Вычислительный инструмент биоинформатики анализирует образцы тканей для выявления болезней
Согласно недавнему исследованию, опубликованному в Cell Reports, используя новую интегративную вычислительную технику, ученые из Северо-Западного университета и Университета Иллинойса в Урбана-Шампейн (UIUC) смогли классифицировать болезненные состояния на молекулярном уровне с использованием наборов эпигеномных данных .
Новый подход, совместно разработанный авторами из Northwestern и UIUC, называется DeCET (Decomposition and Classification of Epigenomic Tensors); он анализирует сложные, разнородные данные для выявления эпигеномных различий между типами тканей , подтипами заболеваний и изменениями в типах клеток или клеточной дифференциации , — пояснила Дебабрата Чакраварти, доктор философии, заместитель председателя по трансляционным исследованиям и профессор акушерства и гинекологии Анны Лэпэм. и ведущий автор исследования.

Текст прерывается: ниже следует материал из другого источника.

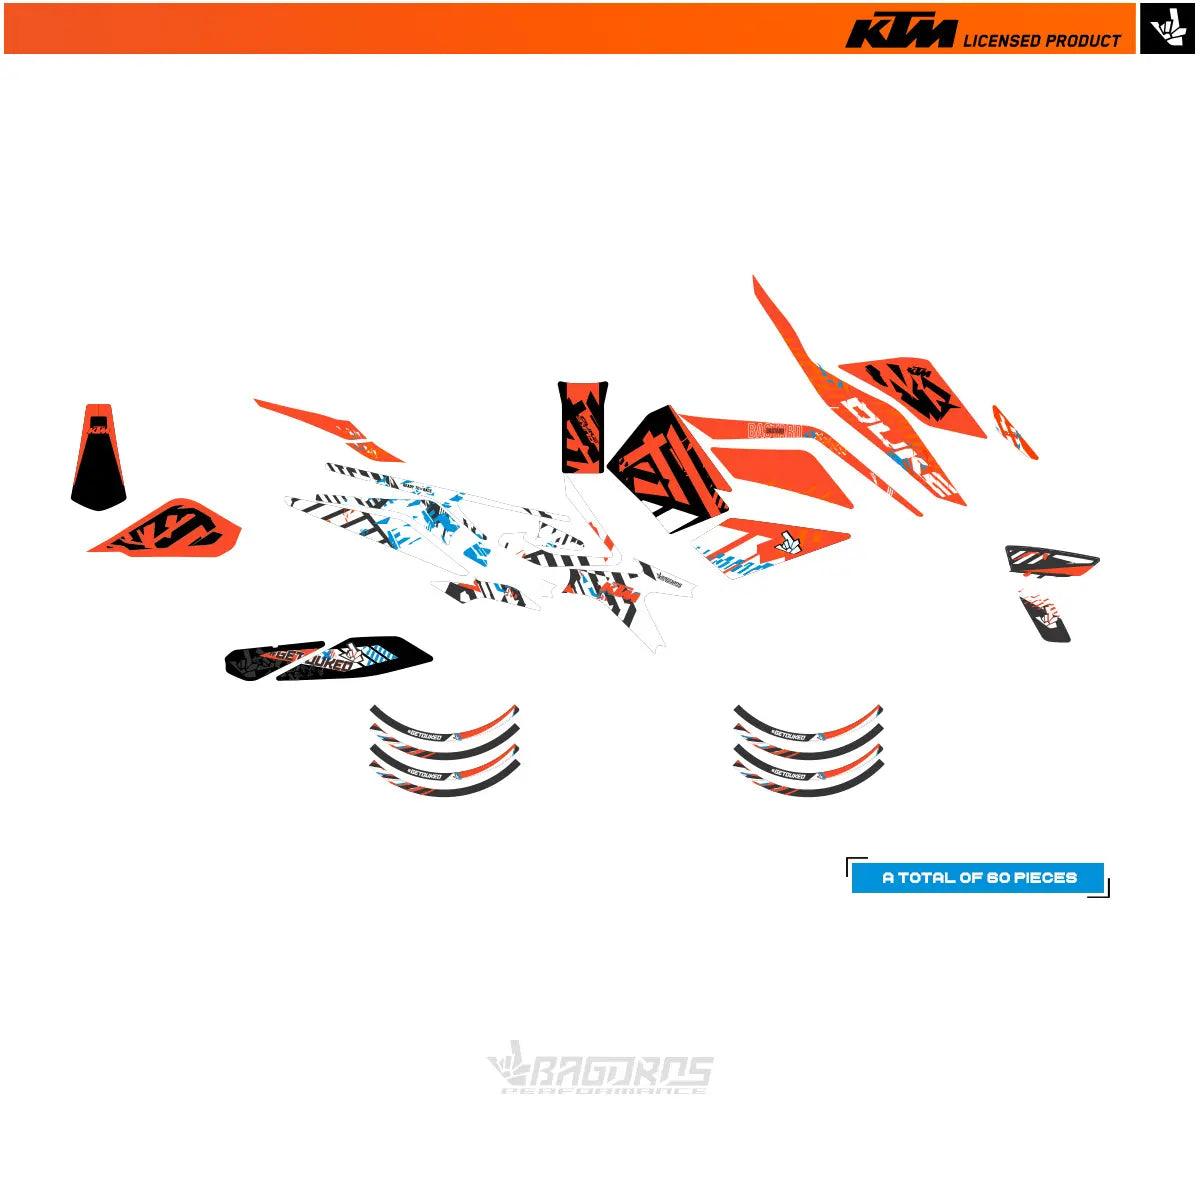 Kit déco "BASTARD" BAGOROS PERFORMANCE | KTM DUKE 790 / 890 / 890R - GEN PERFORMANCE

По словам Чакраварти, профессора Чакраварти, эпигеном — совокупность всех модификаций гистоновых белков и генома, которые изменяют экспрессию генов — несет в себе важные инструкции для определения клеточной идентичности, поэтому эпигеномные анализы могут служить надежным диагностическим маркером для широкого спектра заболеваний. фармакологии и помощник директора общих ресурсов в Онкологическом центре Роберта Х. Лурье. Например, по типу метилирования ДНК можно классифицировать первичные и вторичные опухоли центральной нервной системы, а также определить тип клеток, являющихся источником рака.
Джун Сонг, доктор философии, профессор-основатель физики UIUC, и Грант Бариш, доктор медицины, доцент медицины отделения эндокринологии Северо-Западного университета, были соавторами исследования, а Приянка Сайни, доктор философии, of Northwestern и Джейкоб Лейстико из UIUC были соавторами исследования. Leistico руководил разработкой алгоритмов, а Сайни руководил экспериментальной работой, создавая синергетическую команду между двумя учреждениями.
Совместная группа ученых, клиницистов и физиков провела первоначальные исследования миомы матки или лейомиомы, которые представляют собой незлокачественные опухоли гладкомышечных клеток матки с ограниченными вариантами лечения, которые развиваются у 70 процентов женщин.
Сначала ученые выполнили эпигеномный анализ 25 образцов нормальной матки и 25 образцов миомы, взятых у пациентов. Затем команда использовала DeCET для анализа данных и определения ключевых эпигеномных особенностей, которые могли бы четко отличить нормальную ткань миометрия от болезненных состояний лейомиомы и подтипов заболевания.
Затем исследователи применили DeCET к «неизвестным» образцам людей, чтобы предсказать состояние тканей. Методология точно различает нормальные и болезненные типы и подтипы с использованием эпигеномных сигнатур.
Наконец, чтобы продемонстрировать общую применимость DeCET, команда расширила свой анализ, используя общедоступные наборы эпигеномных данных о раке, и успешно классифицировала другие заболевания, такие как рак груди и простаты.